The same document says police will have a public meeting to discuss the results of crossing guard assessments should the community disagree with a decision.
That’s news to Ainslie.
“I can’t tell you how many times I’ve been turned down, and I’ve never had the police come and have a community meeting to explain why they turned us down,” he said.
Council’s public works committee approved Ainslie’s motion Tuesday asking for a review of the crossing guard assessment procedure.
“I don’t expect one in front of every school and intersection, but I think we need a more balanced approach,” he said. “People want their children to be getting to and from school safely.”

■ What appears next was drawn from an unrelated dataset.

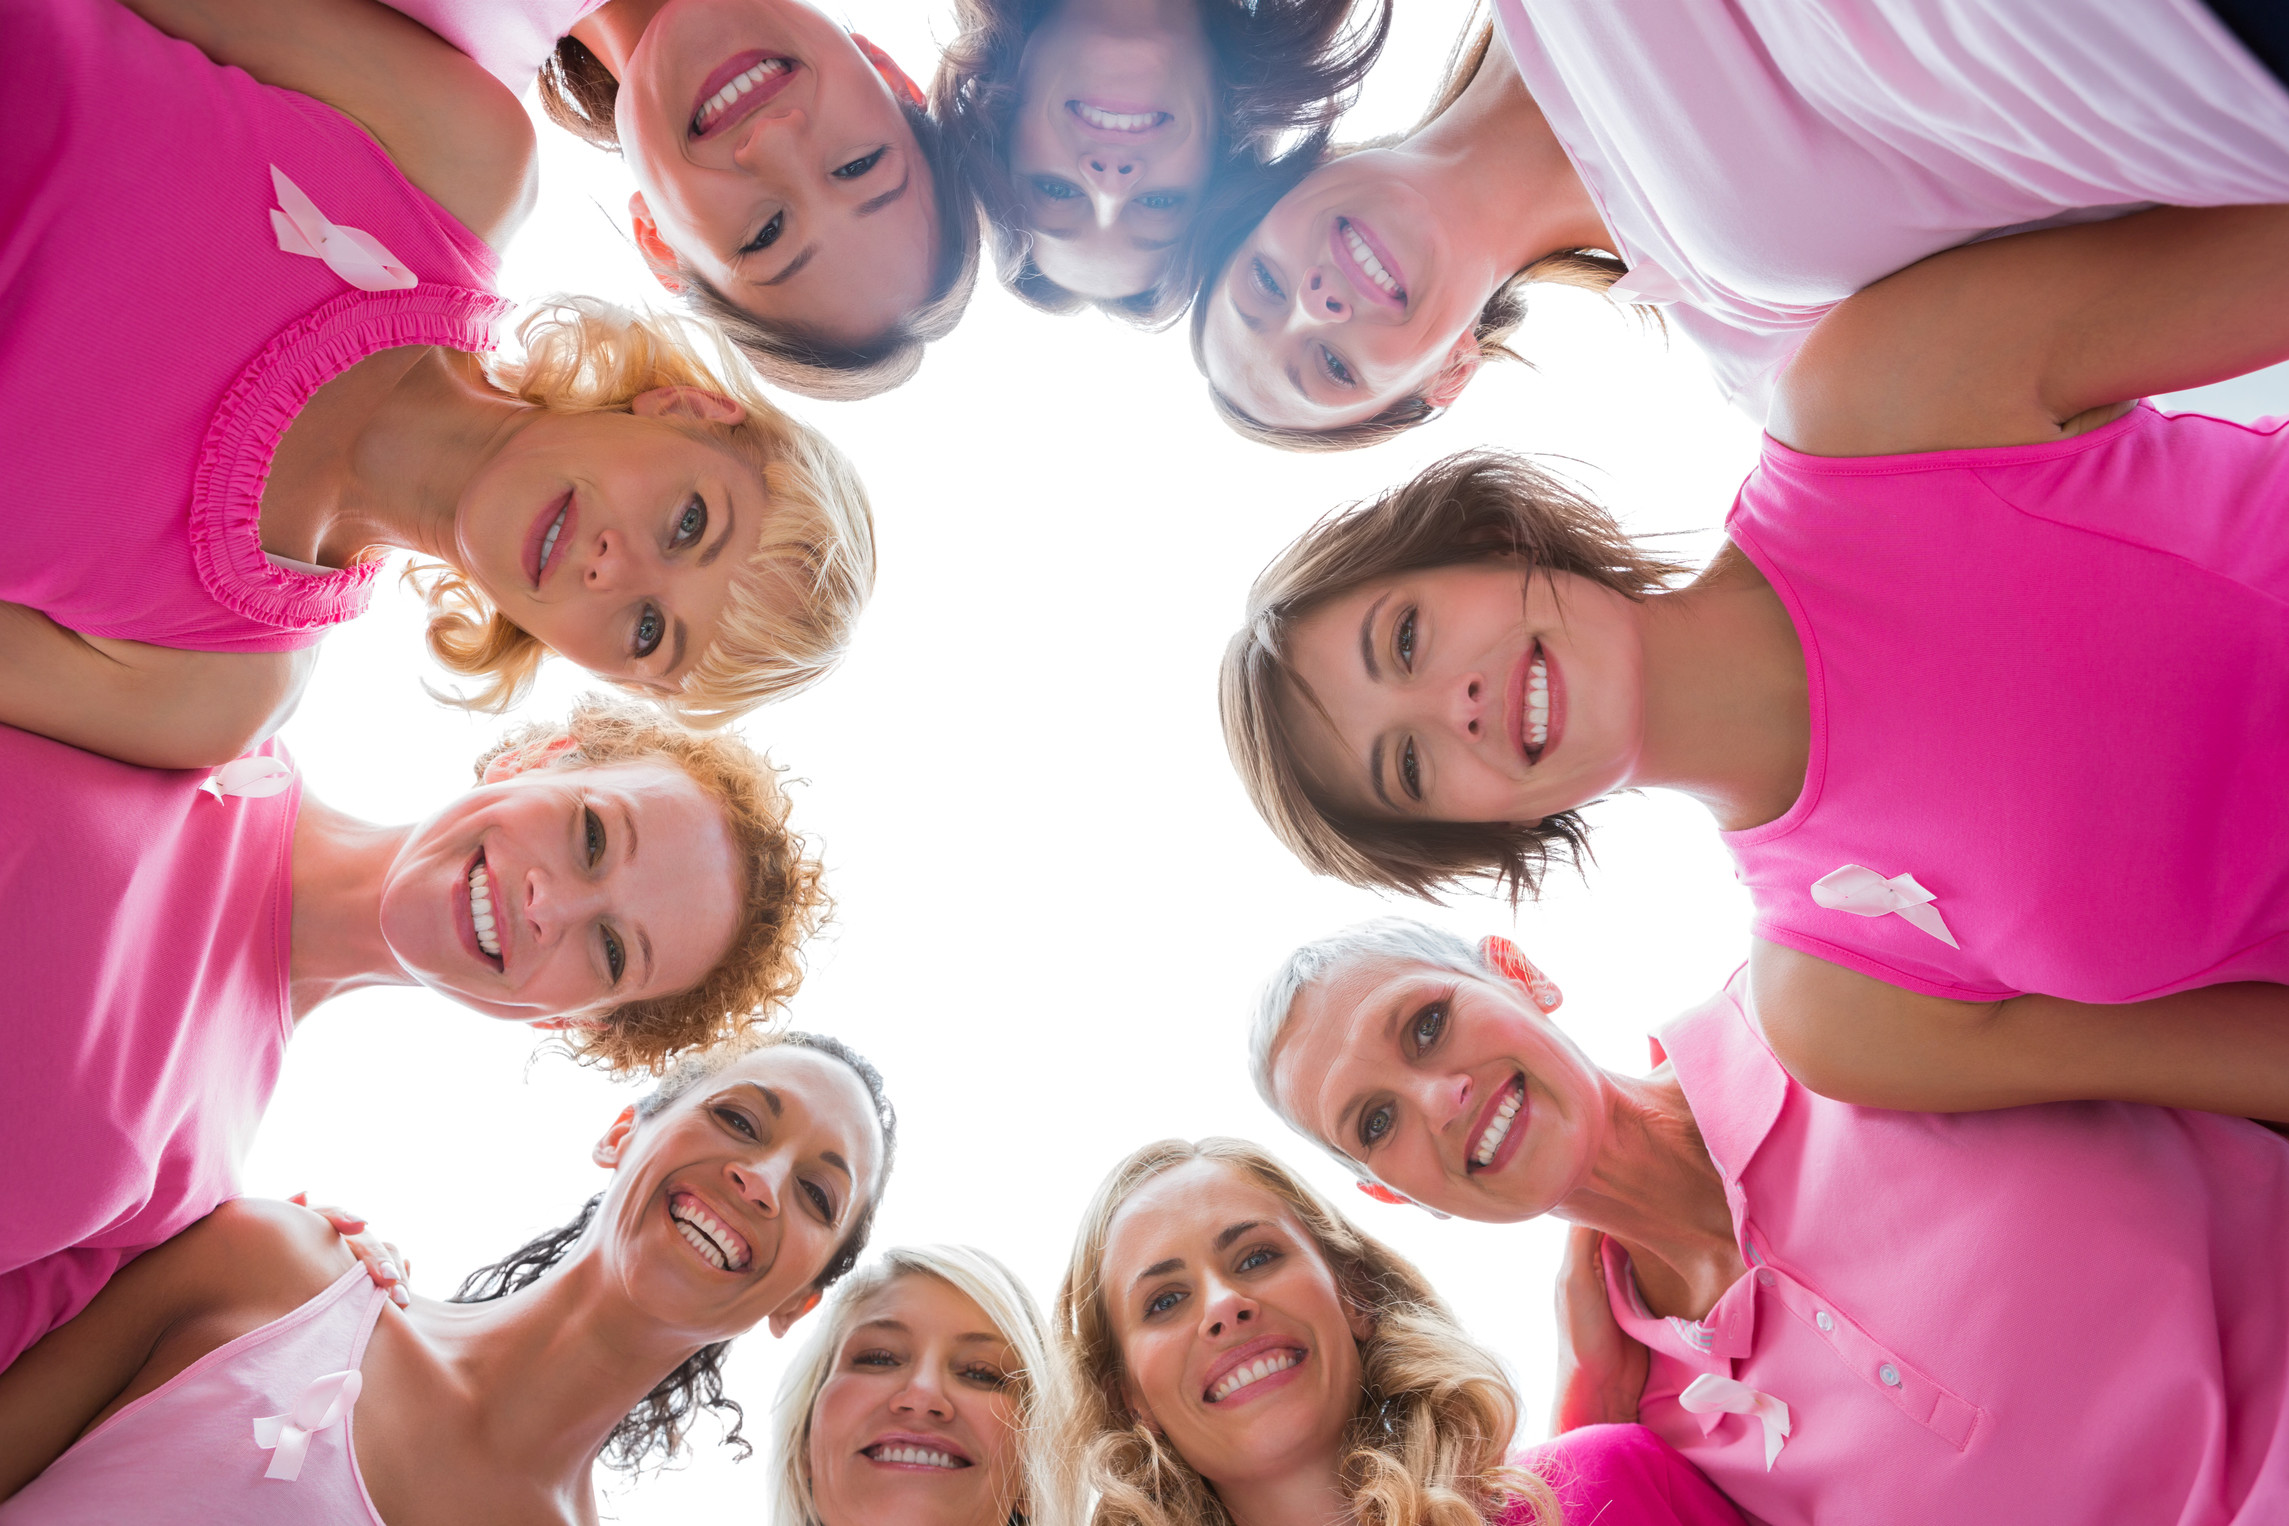 Bezmaksas psihoterapeita konsultācijas sievietēm ar krūts vēzi

Linda Rothman is a post-doctoral fellow at York University and a researcher with SickKids. She’s studied the impact of crossing guards on Toronto streets and says there’s insufficient evidence to show they reduce collisions.
However, she said crossing guards do reduce the amount of dangerous driving near schools.
“You put a guard in and drivers start behaving themselves more,” she said. “You see fewer people blocking crossings and fewer people texting in their vehicles.”